# People with Money Problems



## Sidetracker (28 Jul 2010)

One of the corner stones of helping people with money problems is getting them to accept that the problem is usually of their own making, and get that out of the way. Dont waste energy following false hopes. It is even more important to constantly impress on them to address the problem of drawing down on easy money from their Credit Card, or two. If there is none of your money in the Credit Cards take the hardest step, cut them up. Eliminate the urge to use them.

Having read all of the "Money" posts, I have not seen any advice to people to address this problem. Anyone who dares to raise their head above the parapet is usually met with silly or caustic comment from the "Frequent Posters". This is counter productive. If people request advice then the advice given should be taken in good heart. It dosent have to be followed, But there is no need to shoot the messenger.


----------



## mf1 (28 Jul 2010)

Take ownership of the problem. 

However, a lot of the time people are  overwhelmed by the sheer enormity of the problem and that is why they tend to prefer the easy sounding posts. 

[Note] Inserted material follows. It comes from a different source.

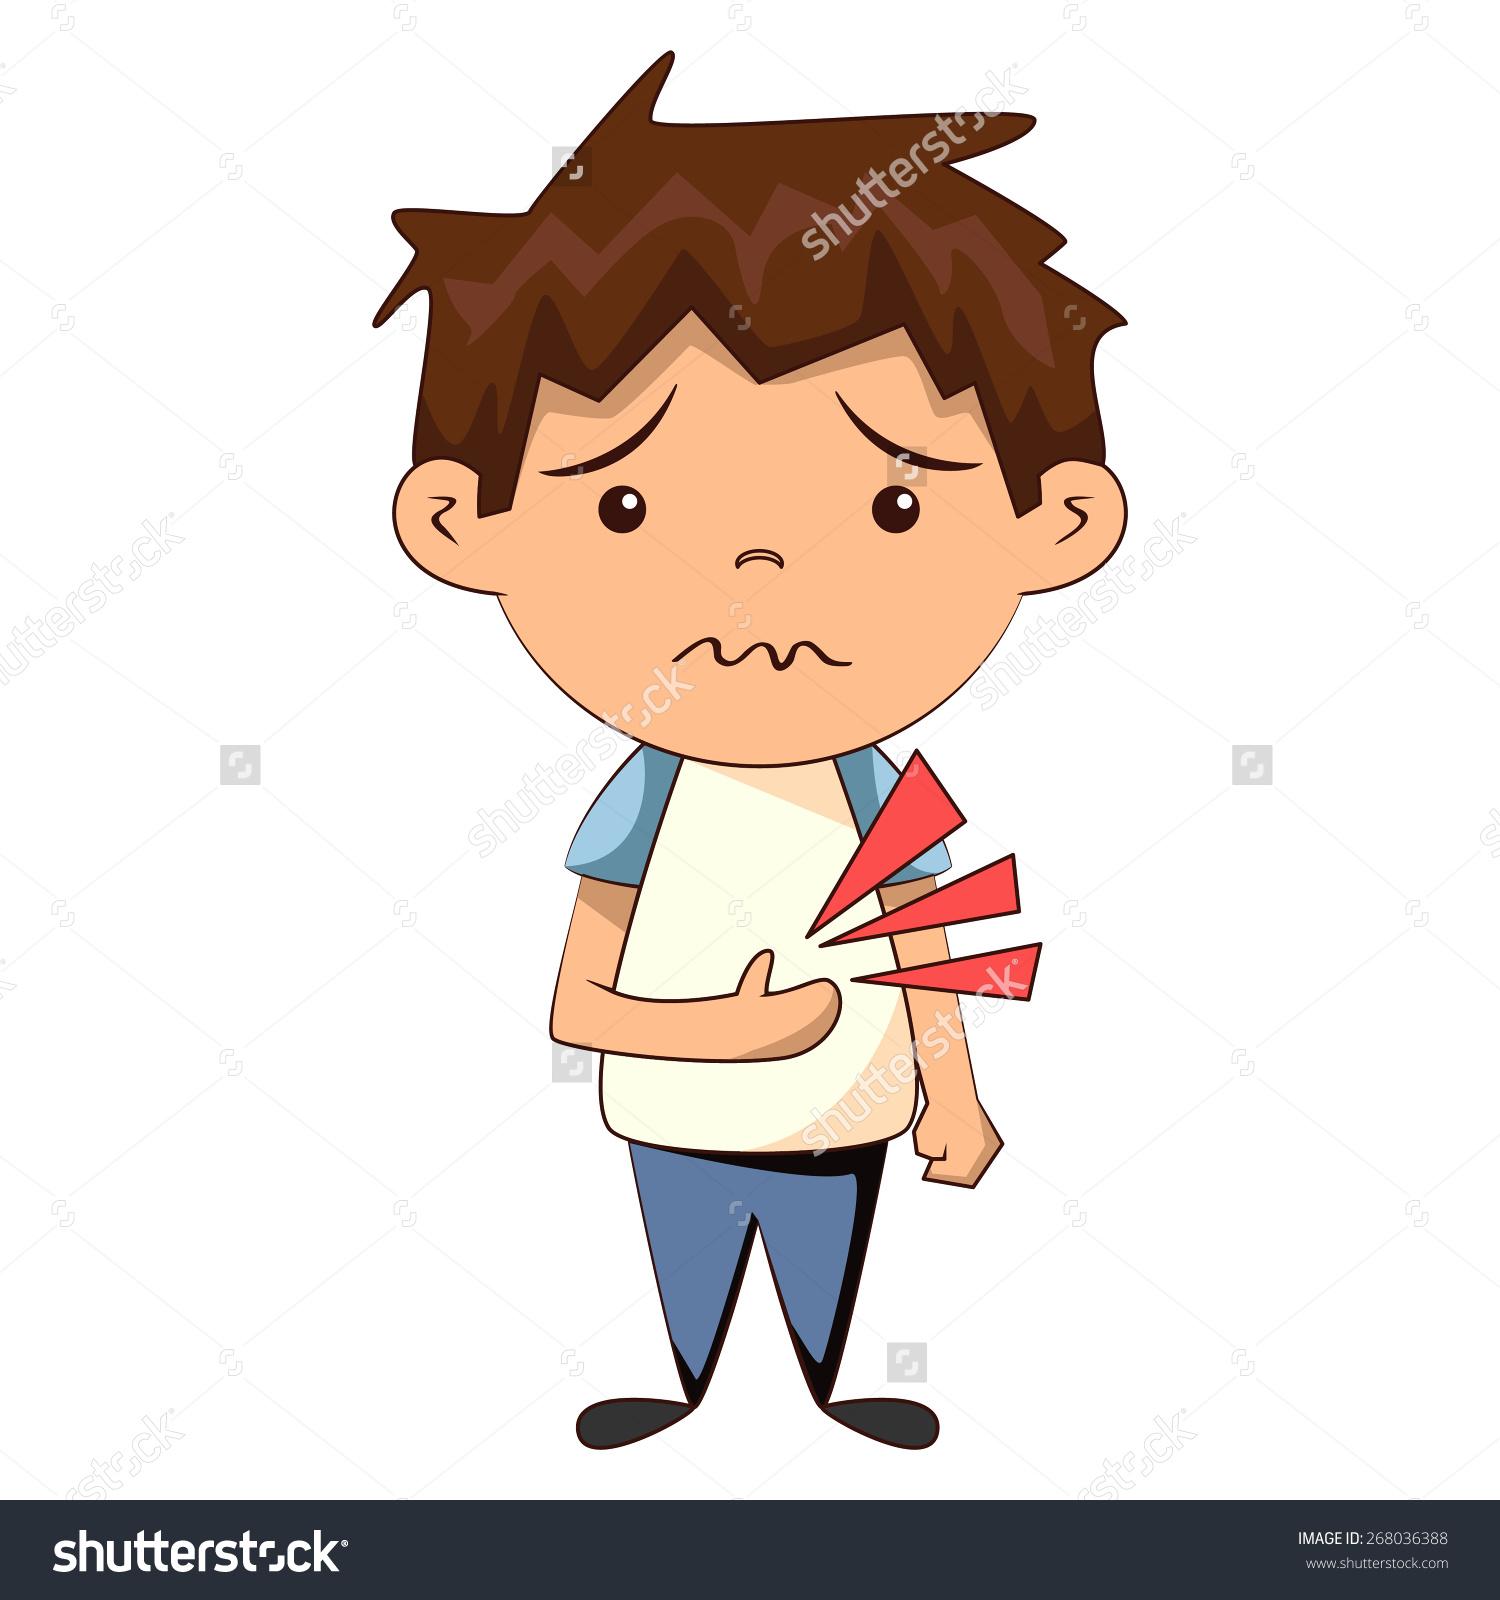 Kid stomach ache clipart.

I think, though, you will find, if you stick with this Board, that most of the Frequent  Posters - particularly the very Frequent  Posters  will go with the "there, there but you still have to address the problem" responses. 

And I could not agree more with the "Dont waste energy following false hopes" idea but you can see how persuasive the idea is that there is an easy way out. 



mf


----------



## liger79 (30 Jul 2010)

Some people come here as a first step to see what can be done for their situation. What they need is advice, assistance and to be pointed in the right direction. Not to be scolded like children that have done wrong. I can imagine some people in awful debt who are so worried they feel unable to talk to friends, family or approach the bank/cc company etc. They post on here, asking for advice and some people slam them for getting into that situation or add anything constructive.

If a faceless computer screen does that for someone how willing do you think they will be to ask for help from anyone/anywhere  else?


----------



## hippy1975 (30 Jul 2010)

I agree with liger, the focus needs to be on what they can do to improve the situation, nothing to be gained by blaming people or pointing fingers


----------



## Marietta (30 Jul 2010)

Most people who come on are very genuine, deeply worried and filled with anxiety, I dont think a poster should wade in immediately and blame them for their problems. There have been one or two posters in recent weeks who have posted here full of anger and felt the world owed them something and anytime someone offered somthing constructive they got shot down, those posters are coming here for the wrong reasons and are unwilling to accept responsibility or face up to their problems.


----------



## elcato (30 Jul 2010)

As a frequent poster I can say I have never used the words 'there there' prior to mentioning the above. I have suggested creating a website called therethere.com or givusahug.com and redirecting people there rather than come here and start whinging at people not being sympathetic in their advice. Perhaps we should make this a sticky and direct any such replies/posts to it?


----------



## Shelleyb (30 Jul 2010)

A bit of empathy never hurt anyone, it's the first step towards encouraging another human being towards their own autonomy.


----------



## elcato (30 Jul 2010)

Neither a borrower nor a lender be. For loan oft loses both itself and friend, And borrowing dulls the edge of husbandry.


----------



## MandaC (30 Jul 2010)

Sidetracker said:


> Anyone who dares to raise their head above the parapet is usually met with silly or caustic comment from the "Frequent Posters".



I disagree with you on this one.  I usually find the frequent posters are more realistic and less likely to mollycoddle people.

MF1 is 100% correct - take ownership of the problem.

Posts such as "I know I was irresponsible but the bank should not have given me the money" don't wash with me whatsover.  No, YOU should not have spent the money.

Show me a person who has never made a mistake. Everything can be fixed. There is no need to crucify yourself but sometimes you need to acknowledge you "ballsed up" - lesson learnt!  What is wrong with standing up, taking the blame for your own actions, then going right, that's where I am....this is where I want to be.....now, how do I get there?  If you are too busy blaming someone else, you are not working on getting practical help for your problem.  People who shy away from taking 100% responsibility for themselves will always have some problem  or another.

It's not about lack of empathy.  Bad situations happen to good people all the time.  It's how we approach it and handle it that shows what we are made of.  

If I was in financial trouble, the last thing I would want is "poor old you".  That's not going to put food on the table.


----------